In summary, we have performed a visit-by-visit analysis to evaluate the frequency and success of decisions we made on the duration of the injection free interval for a representative cohort of patients undergoing the first two years of nAMD therapy. We found that whenever decisions were made to give patients a longer interval between injections, there was a very low risk of worsening disease activity, but we also found that the frequency of extended intervals was less than our preconceived expectations. In this report we have hypothesised the possible reasons for these findings and provided opinions on how to improve on these metrics. We believe these novel metrics for evaluating the decision-making aspect of disease activity monitoring will be especially useful for monitoring performance in future particularly when there is a change in the criteria used for judging disease activity. Finally, our findings have given us a more realistic view and expectations of what can be achieved using the TREX regimen in terms of the interval between injections and this will be useful for us and other clinicians to improve how we counsel and reassure patients.

Summary table

What is known about this topic:

  • Treat and extend regime of anti VEGF therapy for neovascular AMD has been accepted universally by treating physicians as a menthod for optimising disease control and visual outcomes for suitable patients.

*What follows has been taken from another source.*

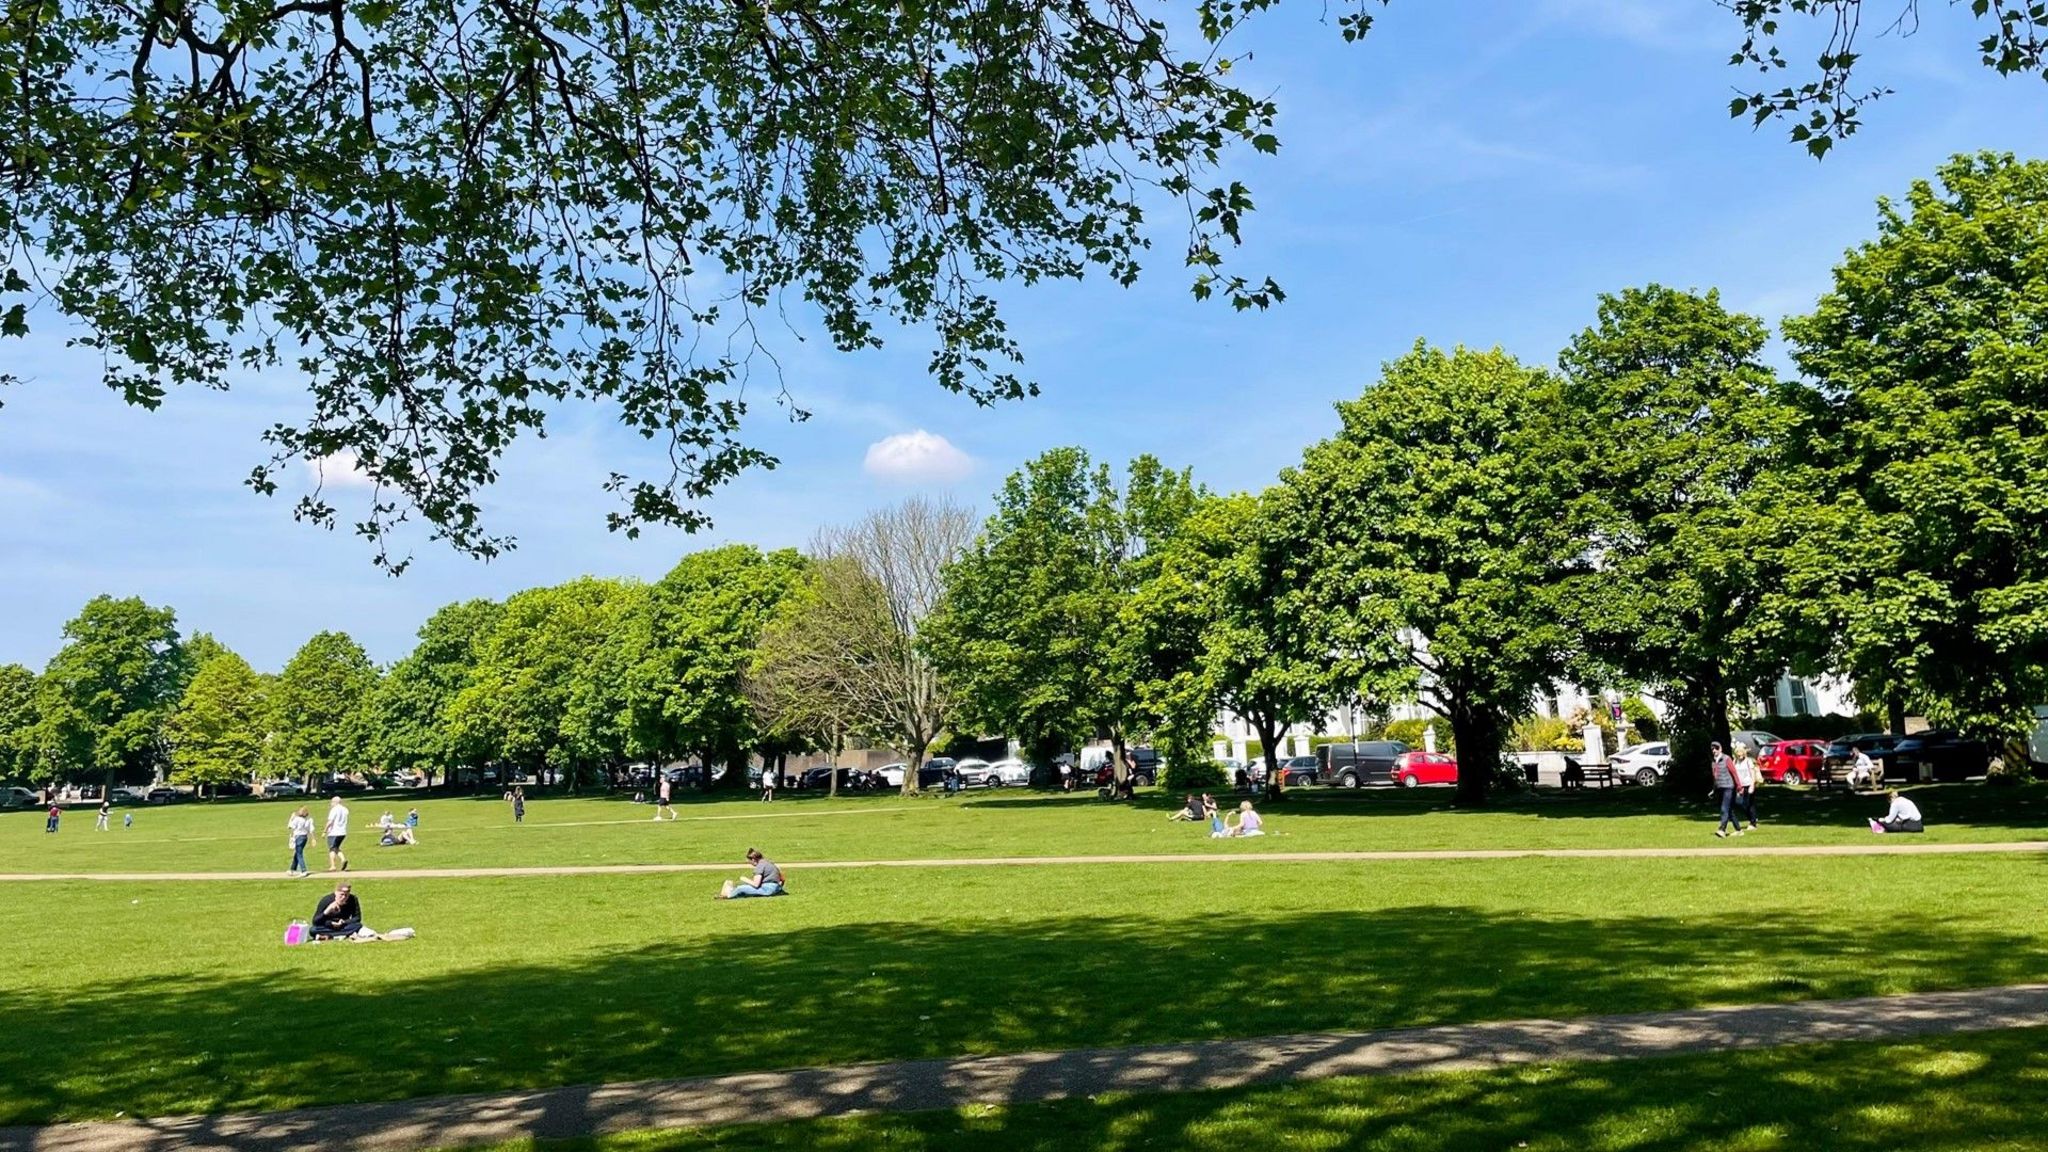 A sunny park scene with trees

  • It has the potential for reducing burden of frequent visits and injections both for the patients and the treating unit.

What this study adds:

  • Classifying the injection visits into three categories based on the type of desicion made on injection interval.

  • Creating a novel metrics for measuring the success of the desicion making to extend the injection interval beyond 5 weeks. The metrics may be a useful tool for providing a standard approach for comparing performance and provide an additional insight into the burden of implementing a treat and extend regimen.